What is expected ▸
Repeat only the lines from the one that contains "Dolphins trade starting" through the final line of the listing below, exactly, please, without pictures.

Recorded information ▸
▶

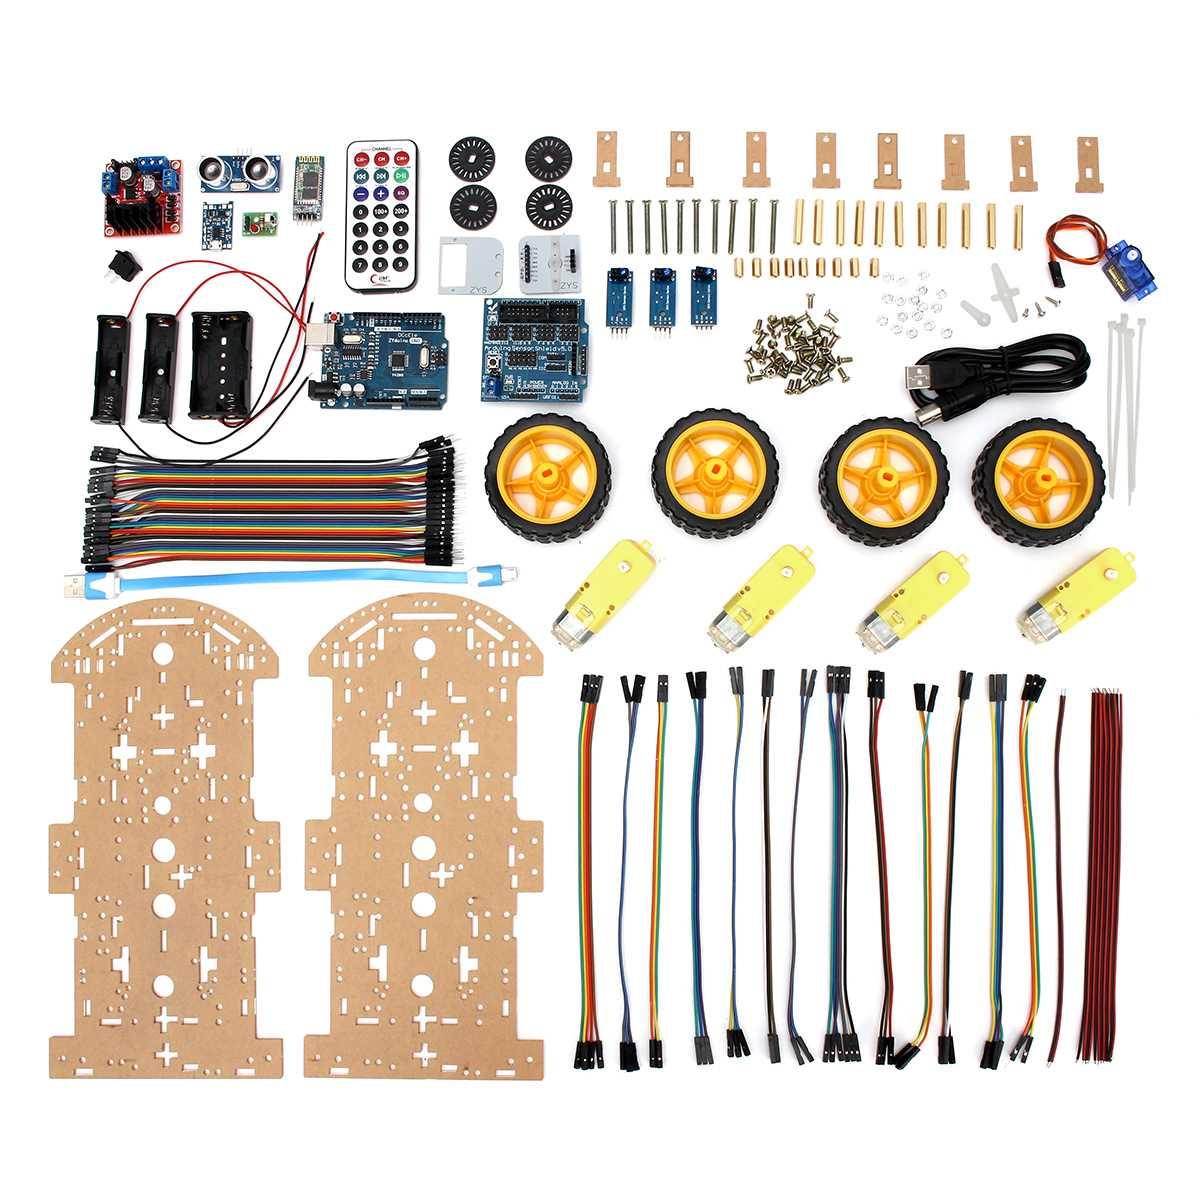 Kits de chasis de coche inteligente Robot 4WD, Motor de seguimiento de evitación con codificador de velocidad para Arduino, Kit de coche inteligente Robot Educativo DIY
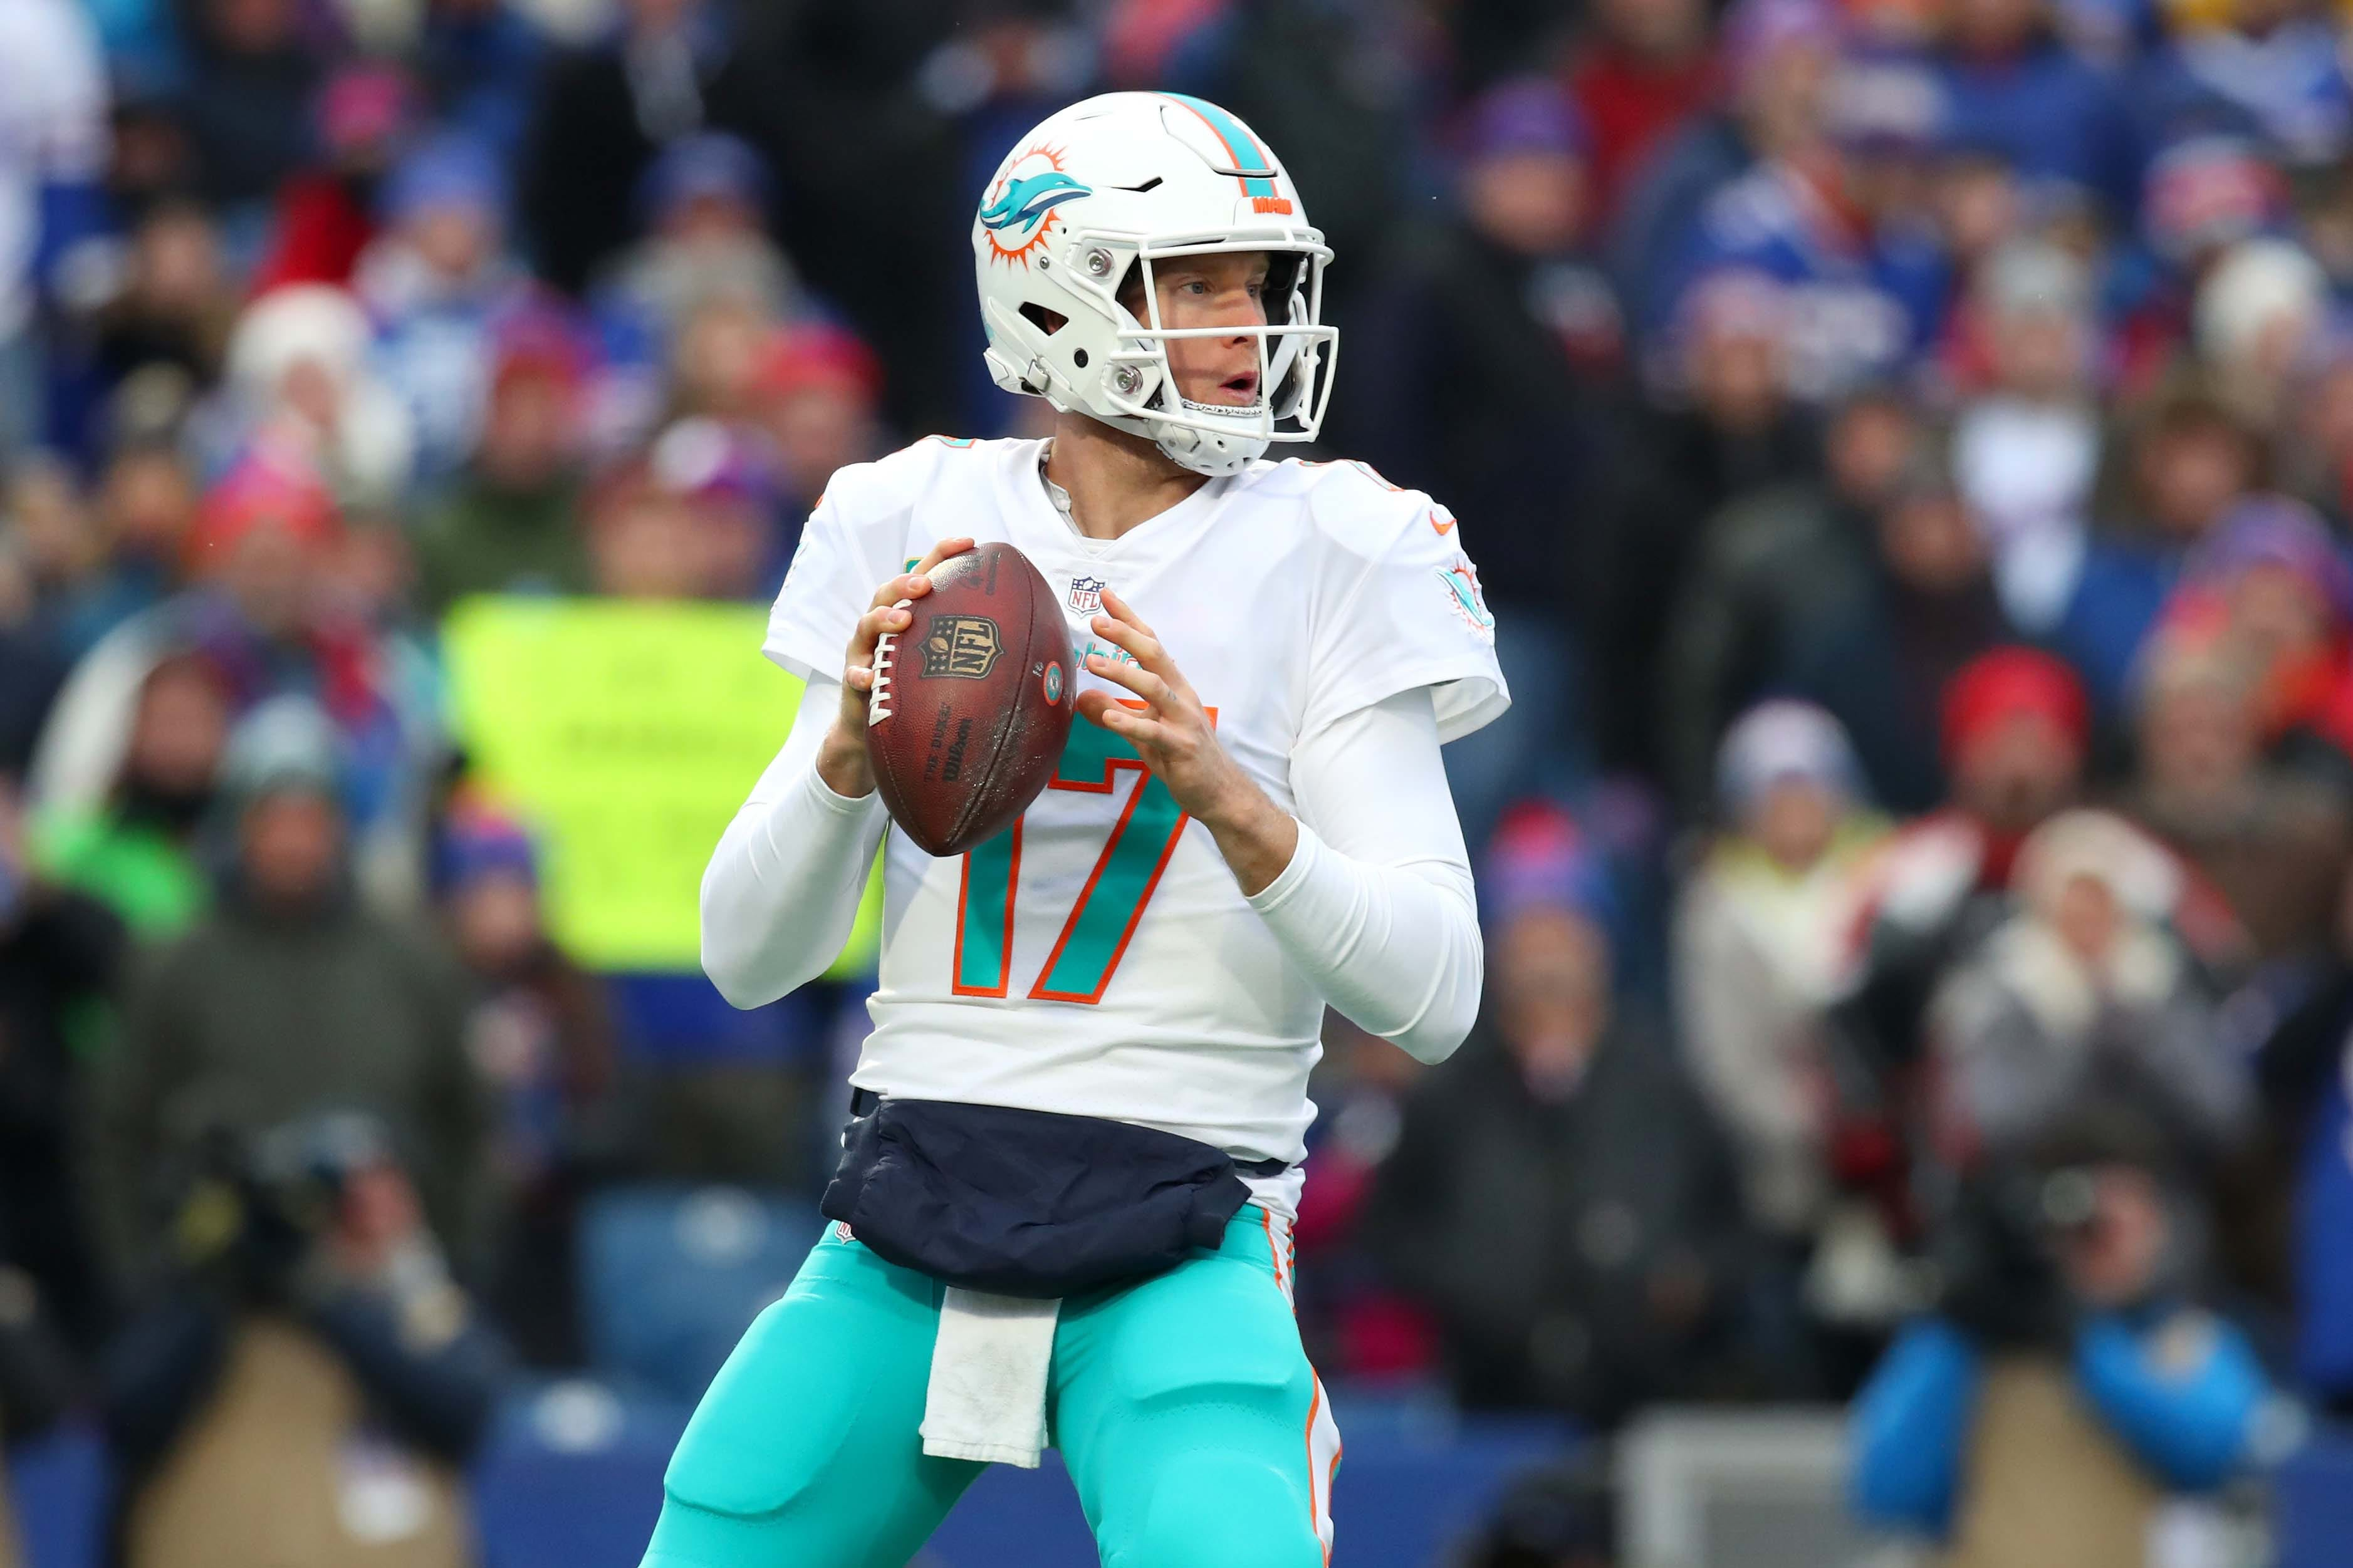 Dolphins trade starting QB Ryan Tannehill to Titans
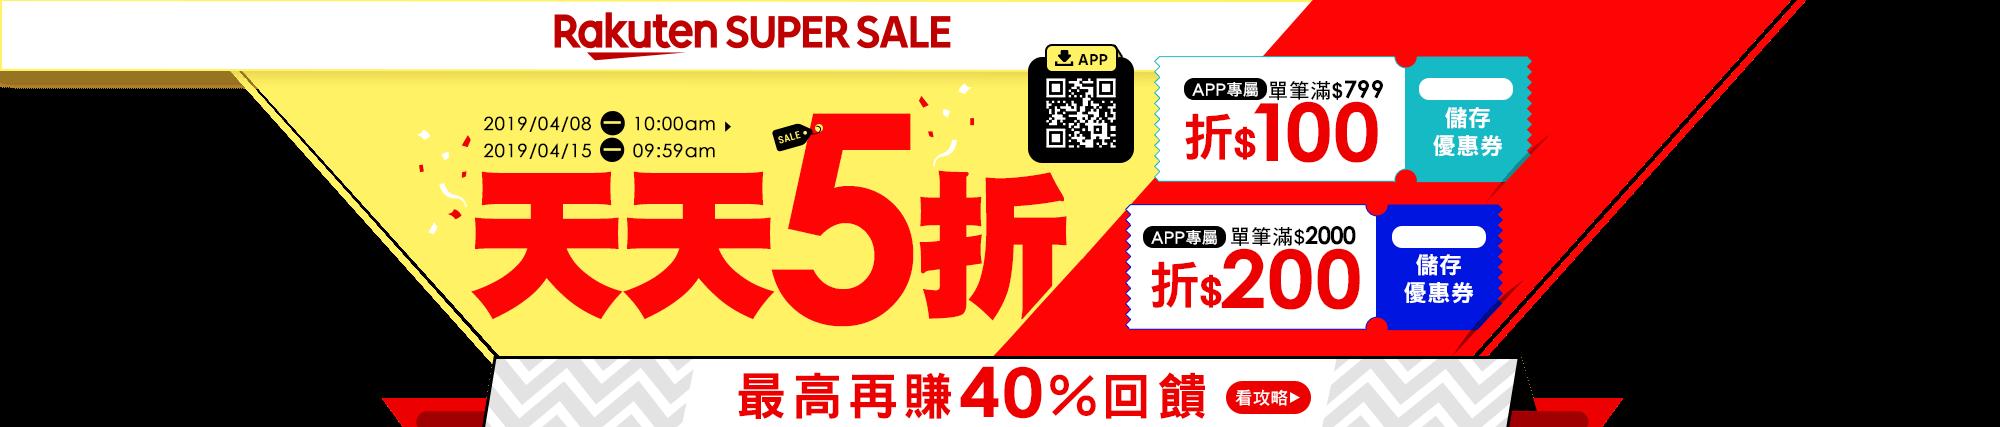 SUPER SALE超級特賣週:整點特賣熱門商品限時5折免運,最高再賺40%點數回饋
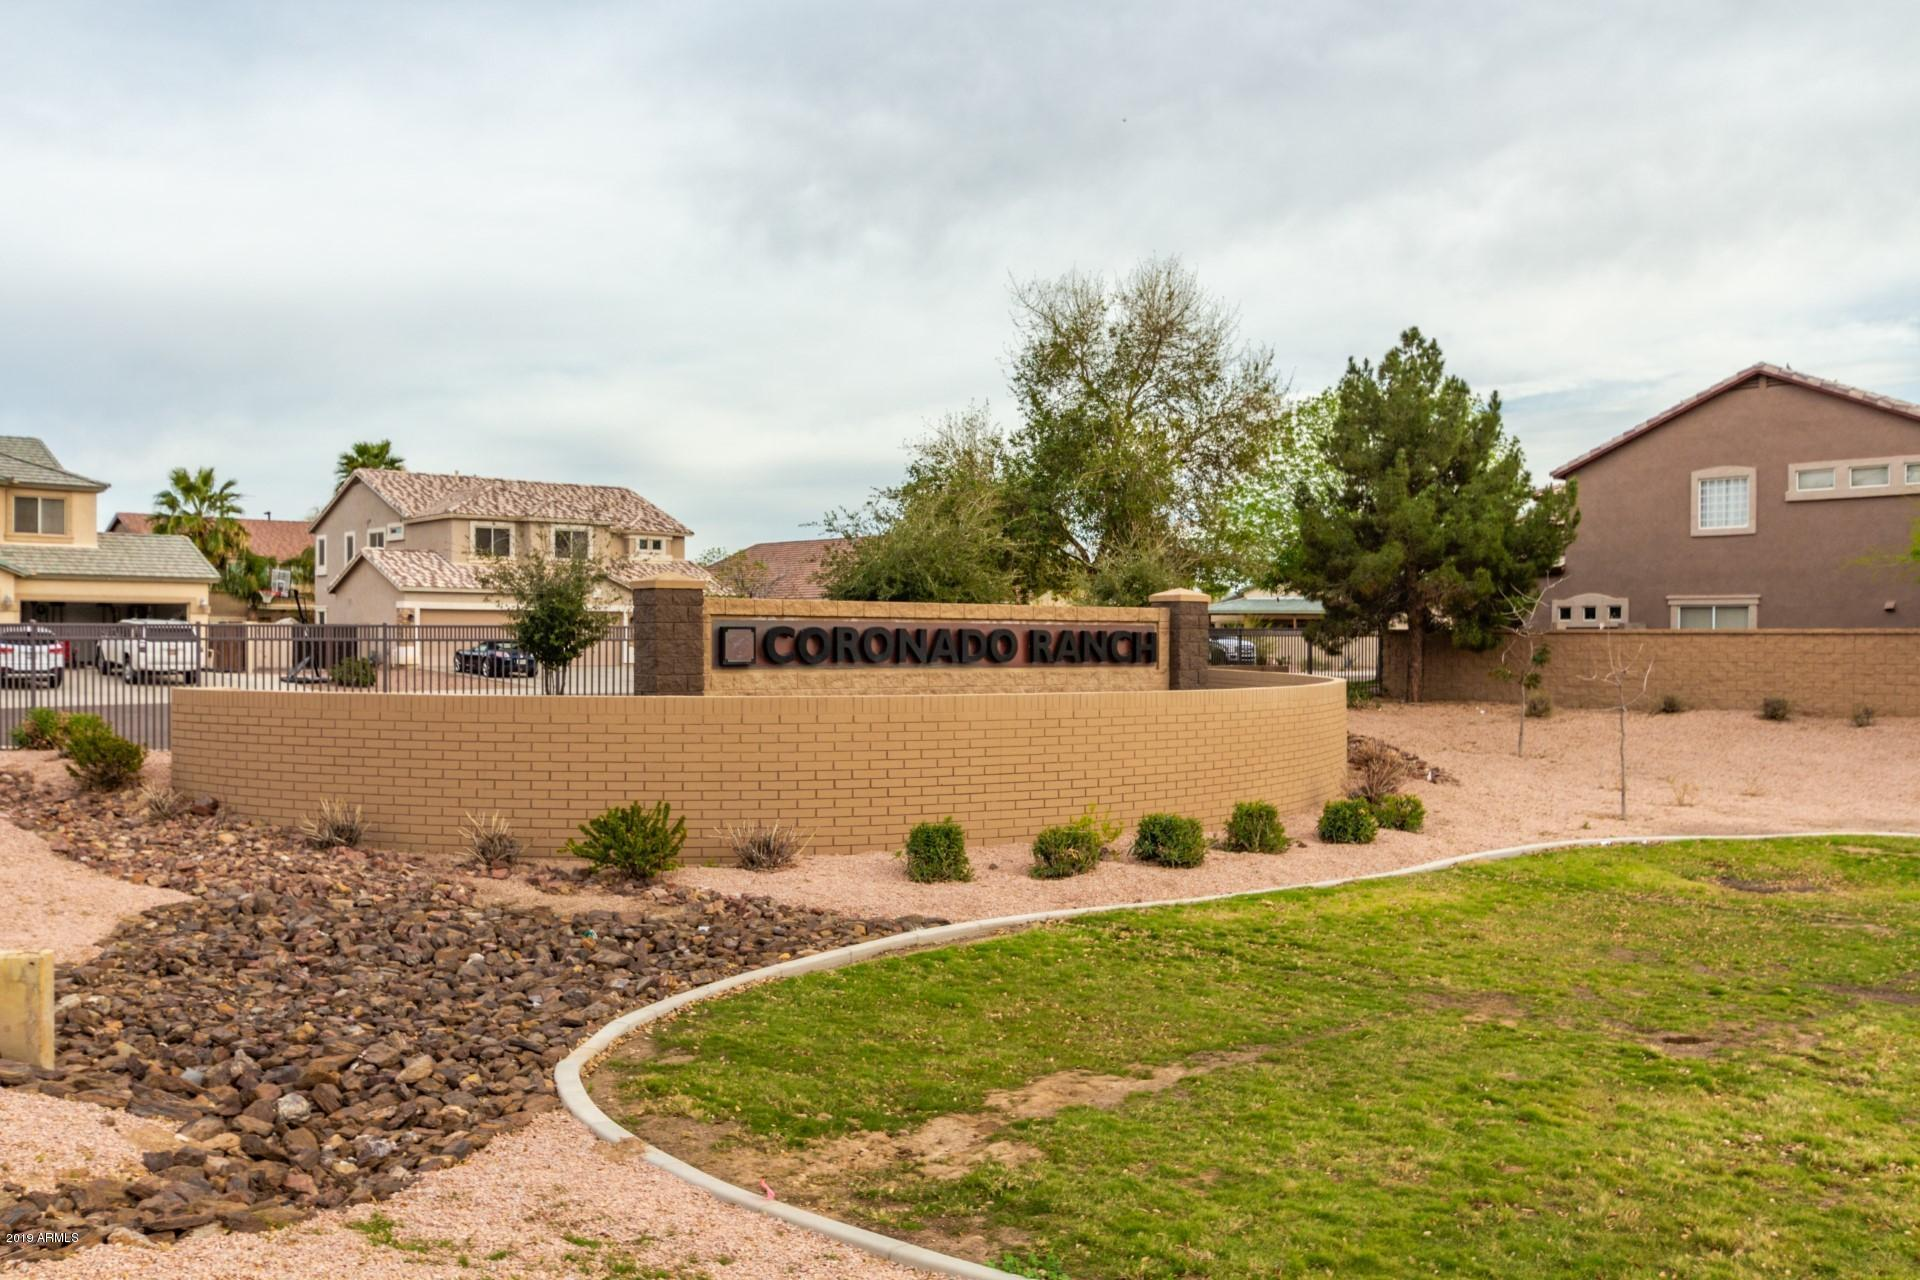 MLS 5928734 3954 E WATEKA Court, Gilbert, AZ 85297 Gilbert AZ Coronado Ranch

◀

Solution ▸
 Dolphins trade starting QB Ryan Tannehill to Titans
 SUPER SALE超級特賣週:整點特賣熱門商品限時5折免運,最高再賺40%點數回饋
 MLS 5928734 3954 E WATEKA Court, Gilbert, AZ 85297 Gilbert AZ Coronado Ranch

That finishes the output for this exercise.